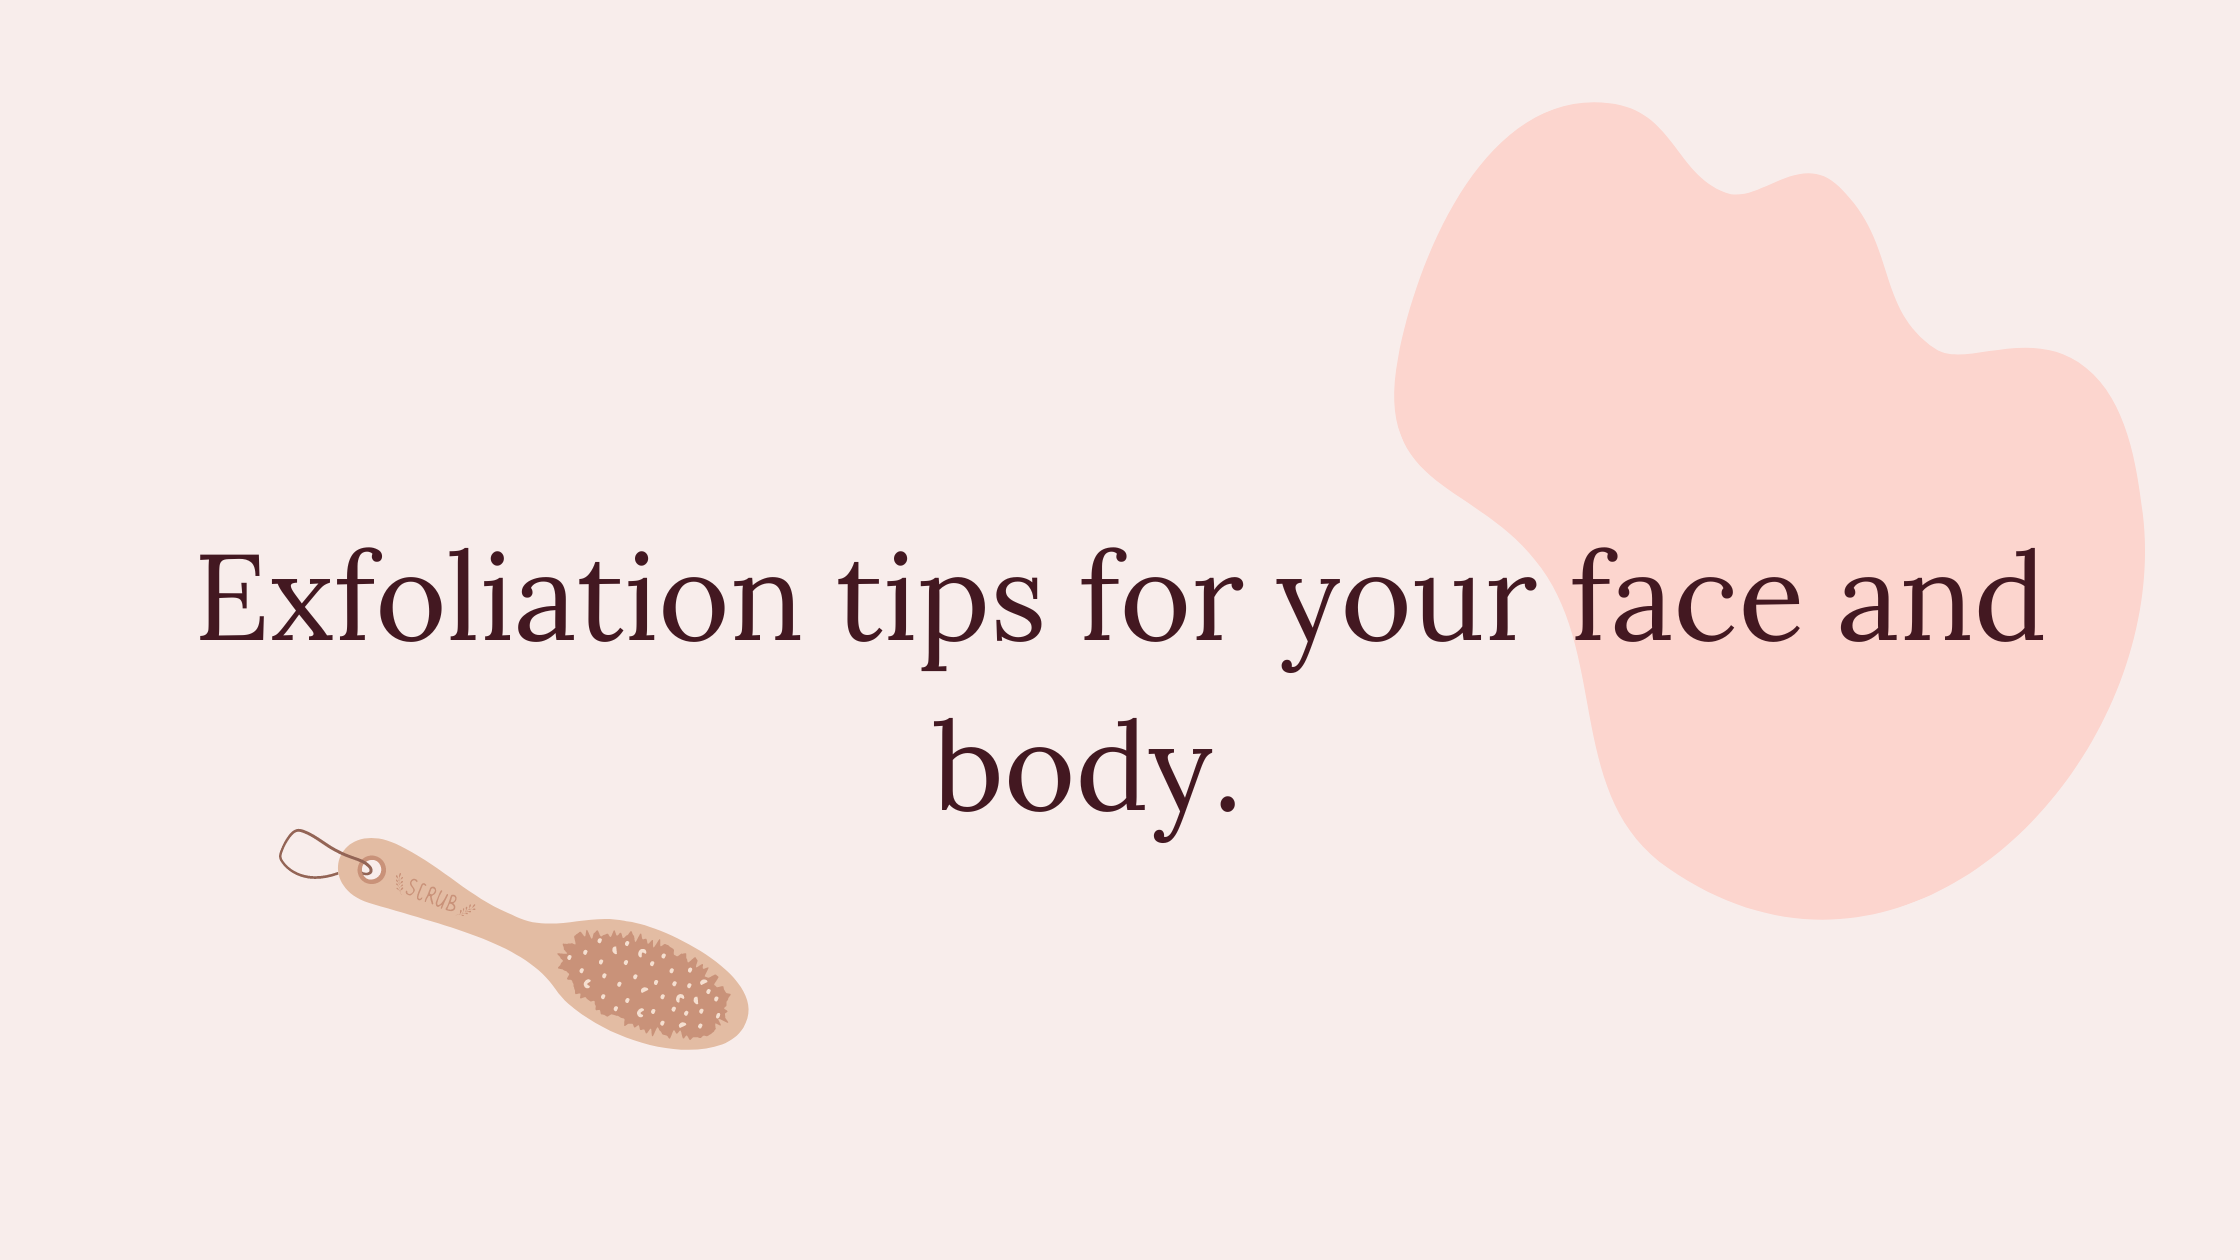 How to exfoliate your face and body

---

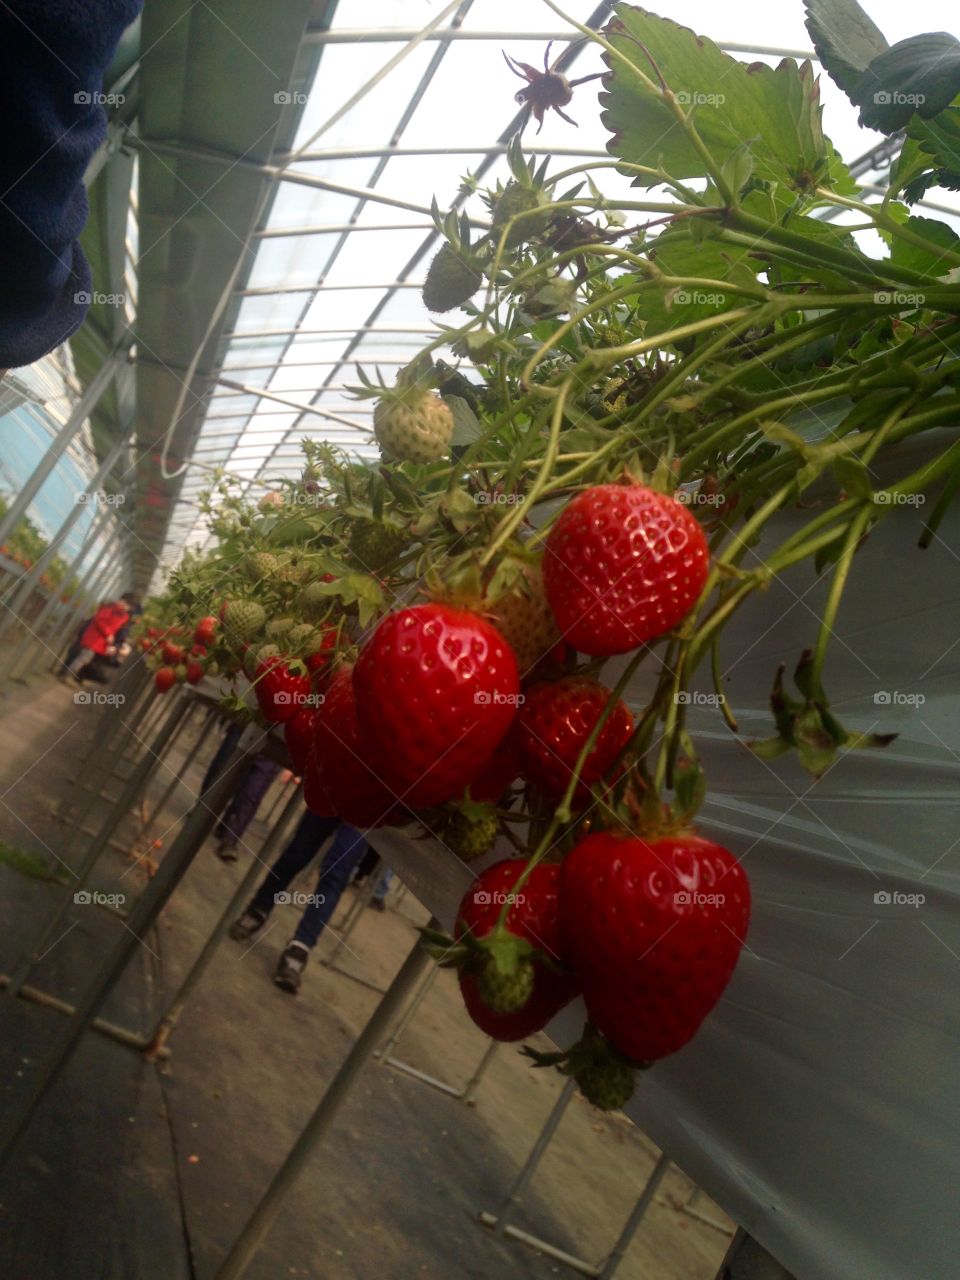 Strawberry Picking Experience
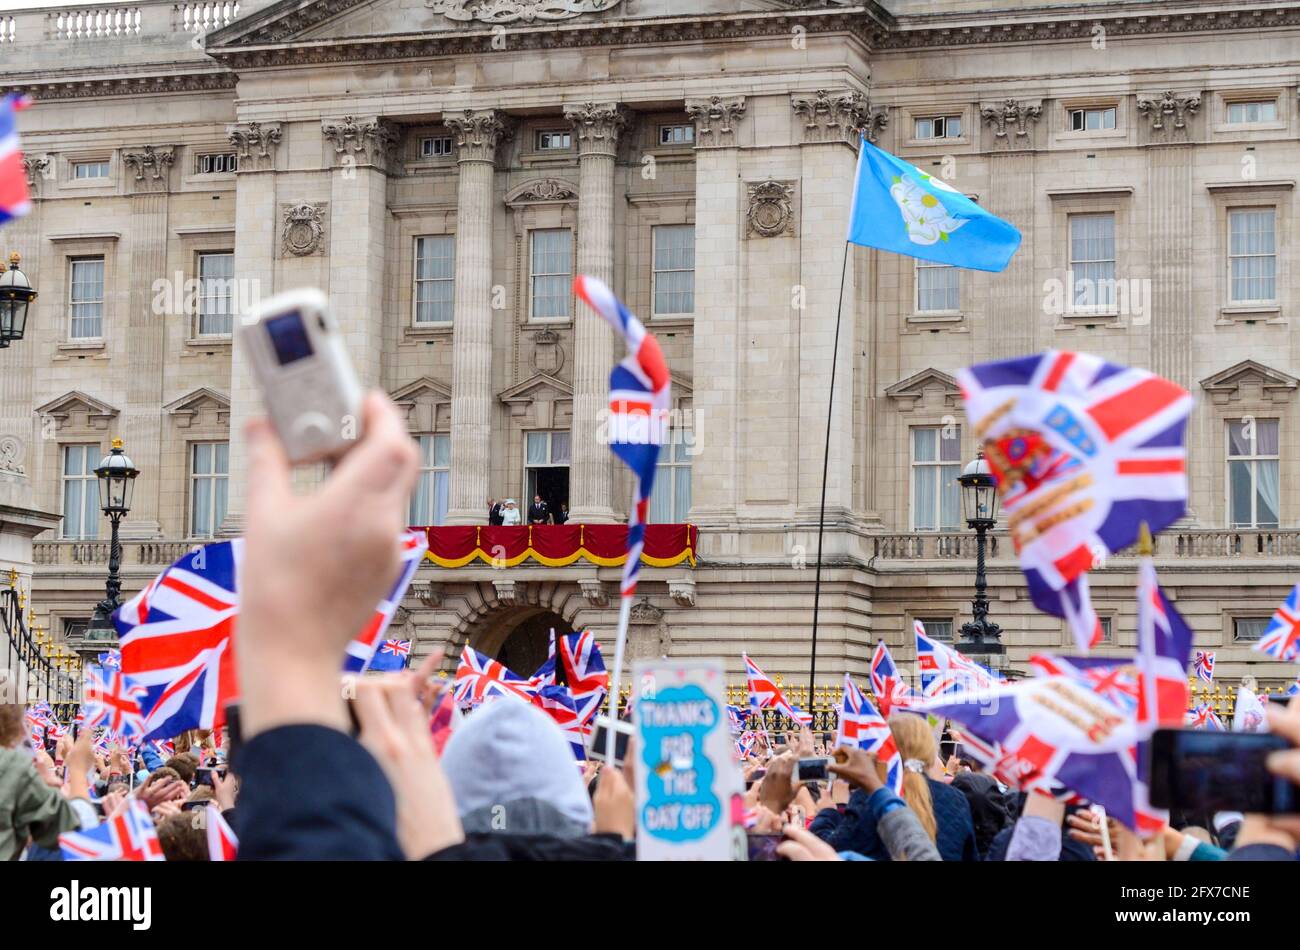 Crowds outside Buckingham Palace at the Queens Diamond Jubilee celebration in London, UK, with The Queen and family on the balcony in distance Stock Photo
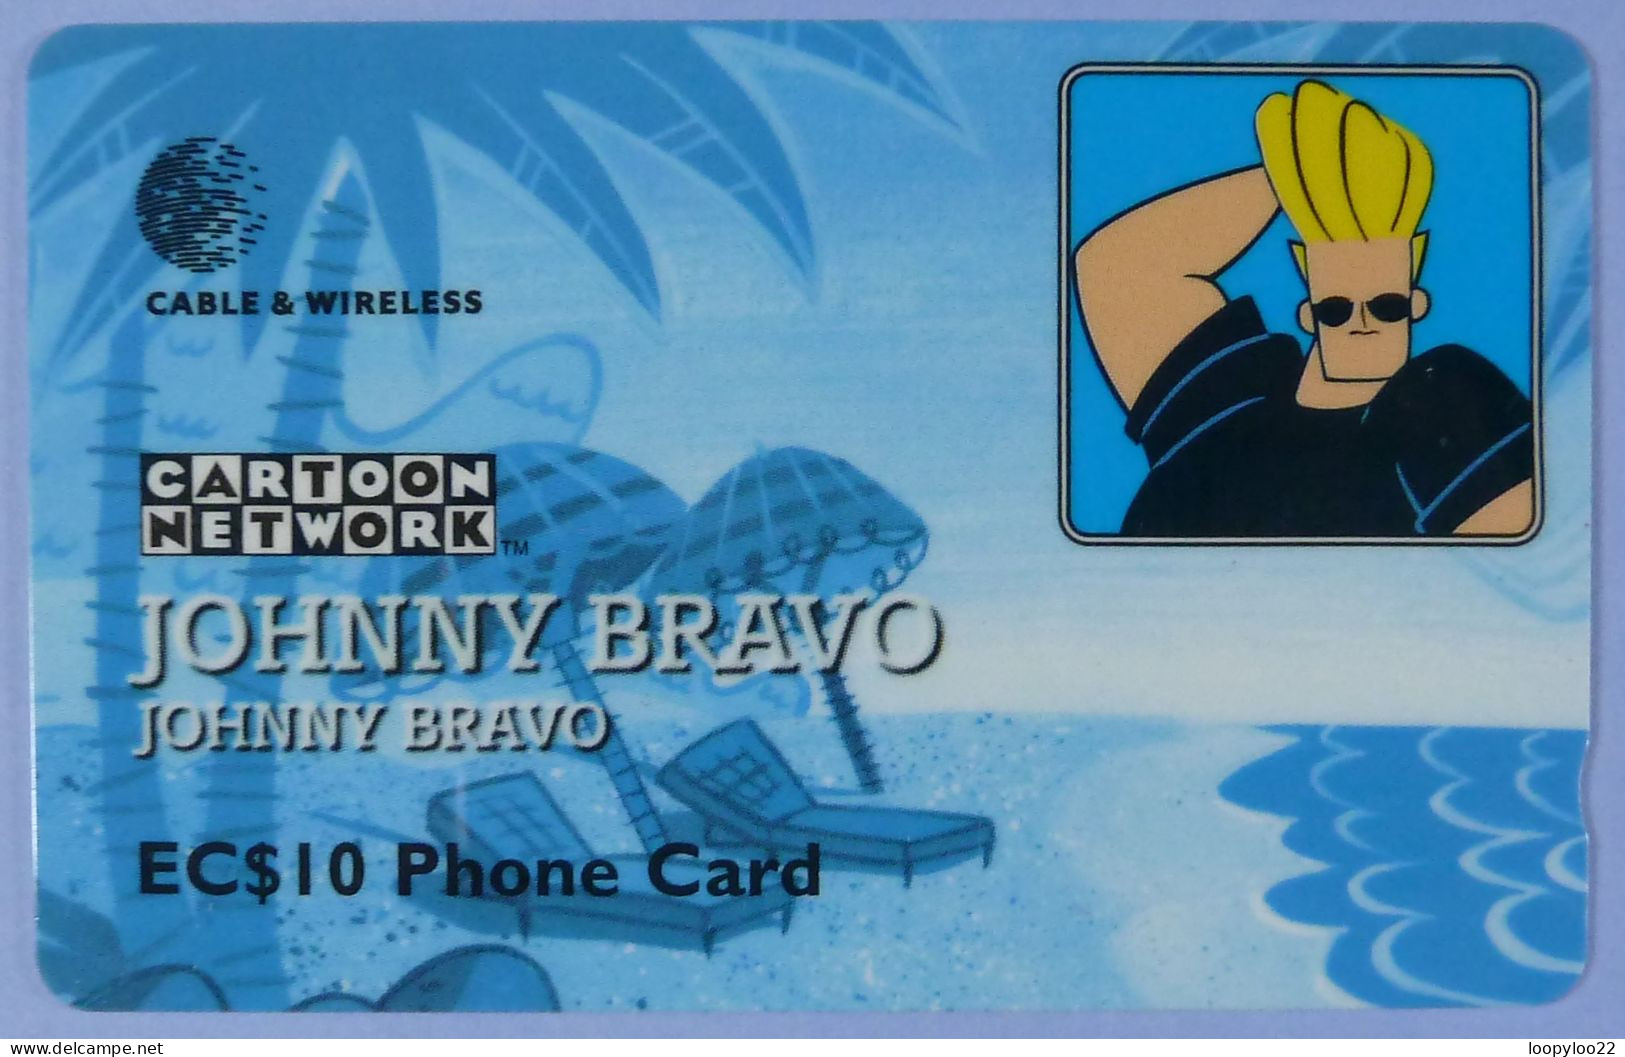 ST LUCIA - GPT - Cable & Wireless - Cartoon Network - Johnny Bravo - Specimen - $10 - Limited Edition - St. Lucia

- _TASK OBJECTIVE_:
Write down exactly what the lines above say, from the line holding "Strawberry Picking Experience" through the line holding "ST LUCIA - GPT", and nothing more. Do not copy the pictures.

- _REPLY_:
 Strawberry Picking Experience
 Crowds outside Buckingham Palace at the Queens Diamond Jubilee celebration in London, UK, with The Queen and family on the balcony in distance Stock Photo
 ST LUCIA - GPT - Cable & Wireless - Cartoon Network - Johnny Bravo - Specimen - $10 - Limited Edition - St. Lucia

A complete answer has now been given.